Victims' Symptom
,
Ana Peraica
, 16 jan 2008
Tagged as:
ptsd, victims
- What is the difference of your project and other projects of the kind, like governmental memorials? And the other Iraqi Memorial?
I realize this is a very problematic and messy undertaking. We (particularly U.S. citizens), bear implicit responsibility for the deaths of many thousands of people in a country we know very little about on the other side of the globe. The primary question I am asking through this project is essentially - how do we respond as artists – is it possible to respond - to the deaths of Iraqi civilians that is occurring as the result of the actions of our government?
I first conceptualized Iraqimemorial.org in reaction to the publication online of the 5201 proposals for the official World Trade Center Memorial Competition in the fall of 2003. Even though the War in Iraq was still in it’s first year, civilian and military casualties already far exceeded the nearly 3,000 victims of the terrorist attack of 9/11. I thought, at the time, that there would never be an official call for proposals for a memorial to the innocent civilians killed in this war – a war that was, sadly, politically predicated by a propagandistic build up that, in the United States, sought to create a link between Iraq and the attacks of 9/11.
As the project idea evolved, I move away from my first instinct, which was to purely mimic the design of the WTC site towards a more thoughtful and serious attempt at creating a project that would seek to honour and memorialize the civilian victims of the War in Iraq through an open call for proposed, imagined memorials. Iraqimemorial.org is very similar to, and in fact uses standard methods of any typical “Call for Proposals” for a memorial or other public art or architecture competition. From my research prior to launching this project, the vast majority of memorials online to the Iraq war are primarily focused on the military dead – either en masse or individually. There are a few projects and websites dedicated to “the victims of terrorism” and such, but few that are solely focused on recognizing the civilian casualties in Iraq.
In the end it was the importance of creating a forum for artists to focus on the issue of civilian casualties in the war that moved me to get beyond any coincidental and likely unavoidable similarities between this project and others.
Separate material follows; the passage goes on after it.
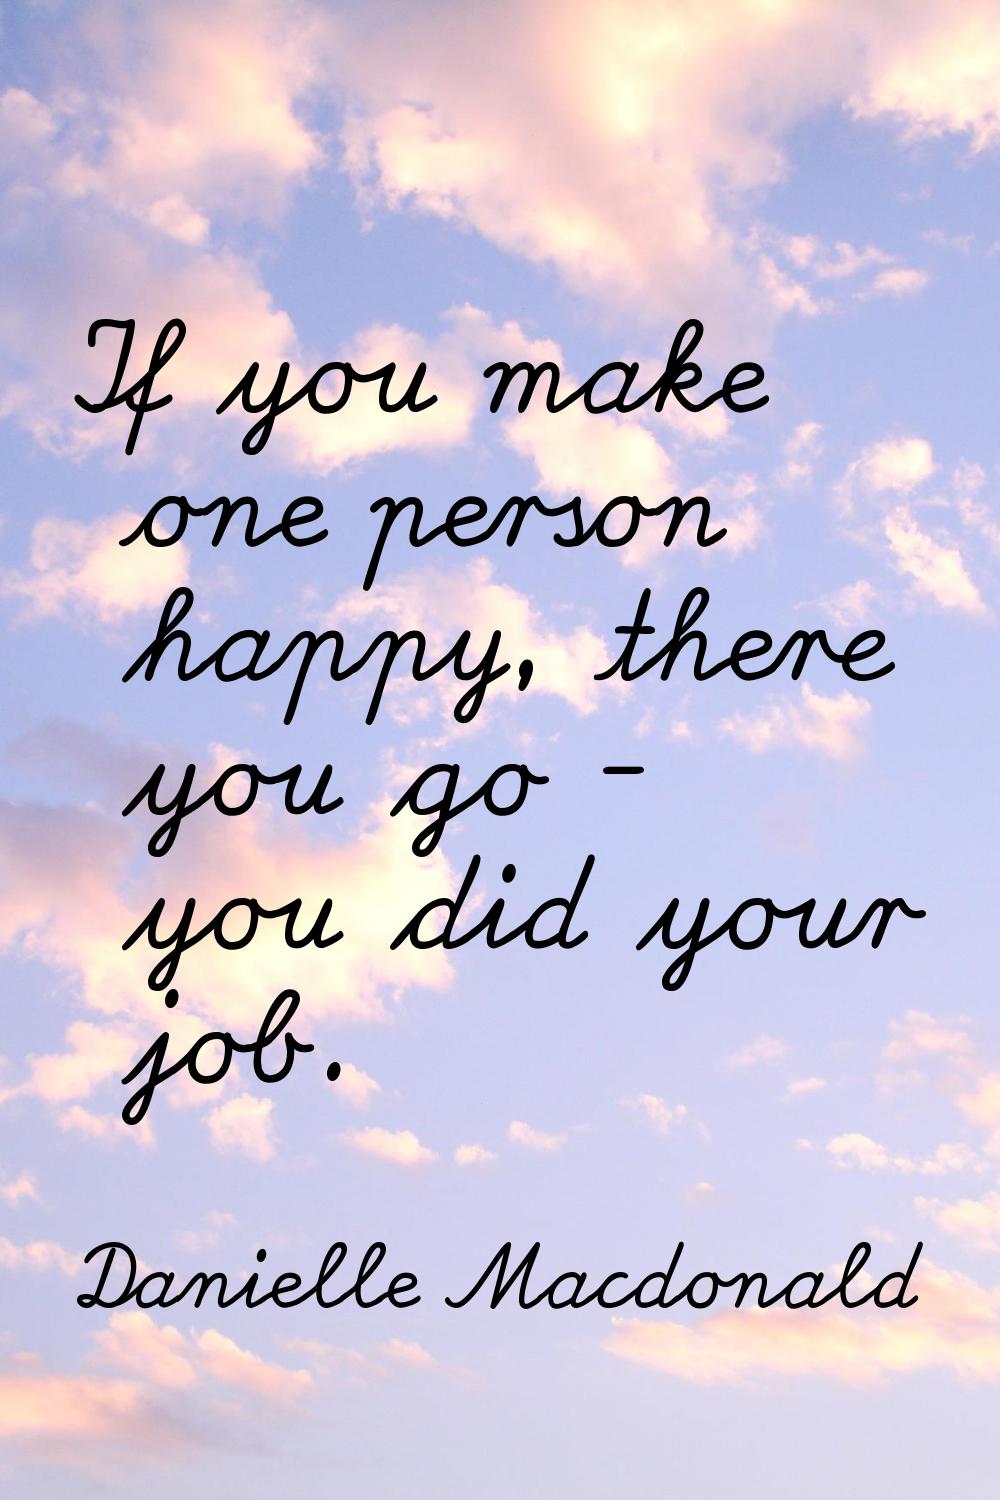 If you make one person happy, there you go - you did your job.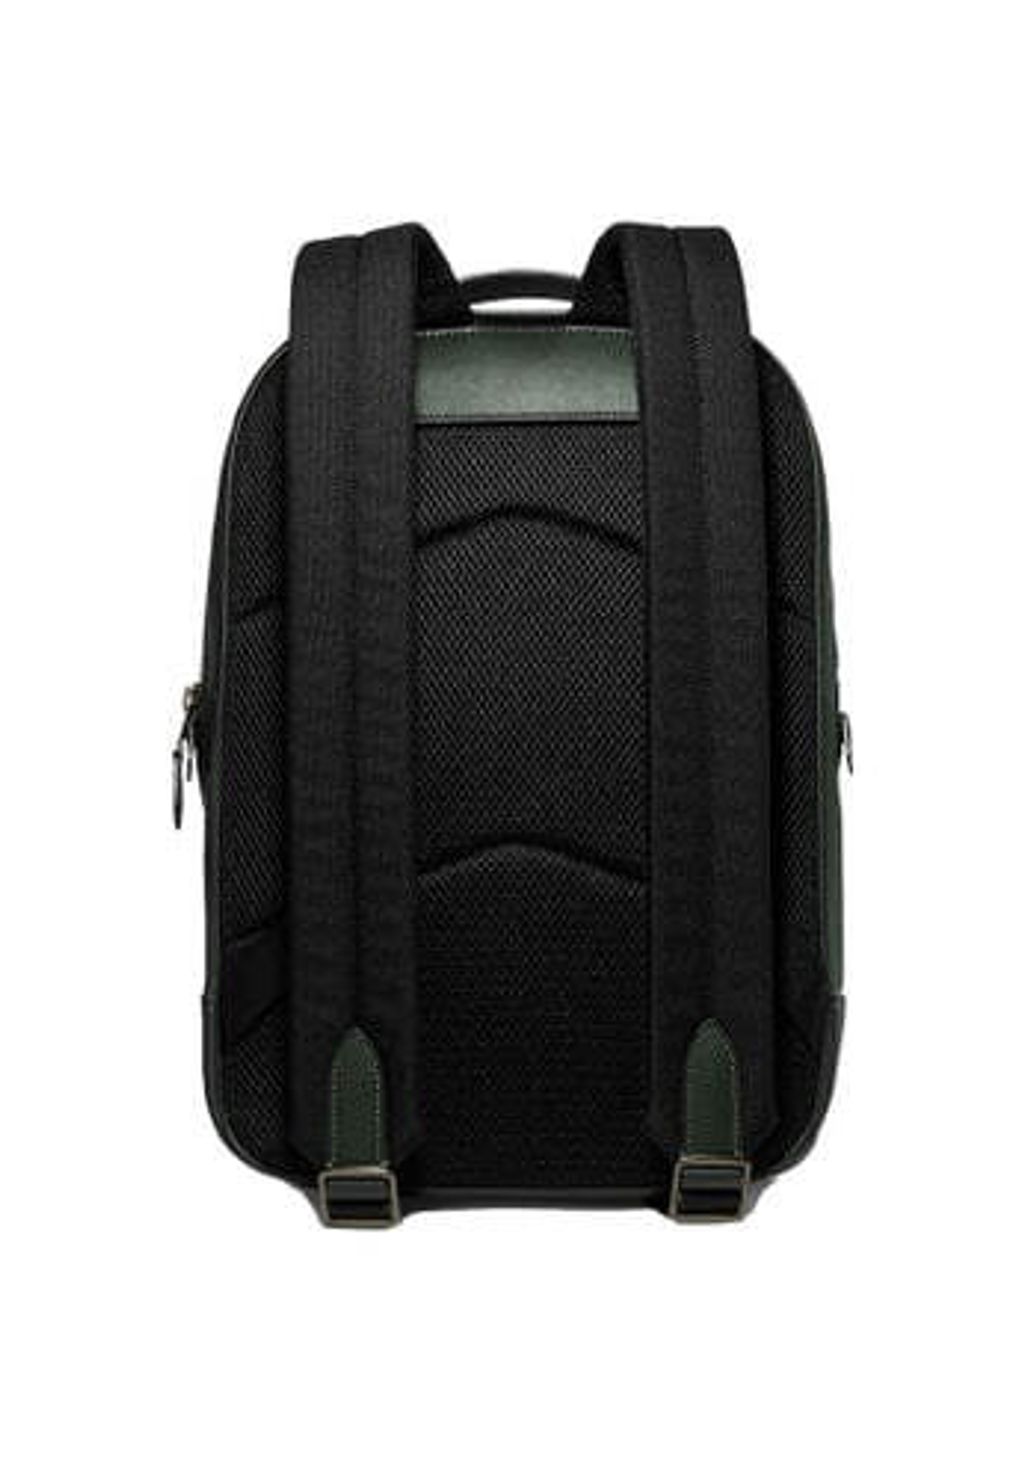 handbagbranded.com getlush outlet personalshopper usa malaysia ready stock Coach WESTWAY BACKPACK 3

As a practicing artist, one is always concerned about originality - yet in this context, I was troubled to think that other projects variously addressing the human toll of this war would cause me to abandon the effort and concept behind Iraqimemorial.org: the issue at hand is too important and deserving of further examination by artists.
I have put this project out there, in large part, as a memorial in and of itself – perhaps a futile gesture in light of the very real suffering by the Iraqi people – a suffering I can only imagine yet cannot disconnect from my level of comfort and complicity. I am hopeful that artists might respond to this project by creating ideas that seek to recognize the complicated nature of memorials and to question the social/political role of artists in such a difficult and very real context of death.
- What is the main motive(sp) for making such projects on the Internet as the medium?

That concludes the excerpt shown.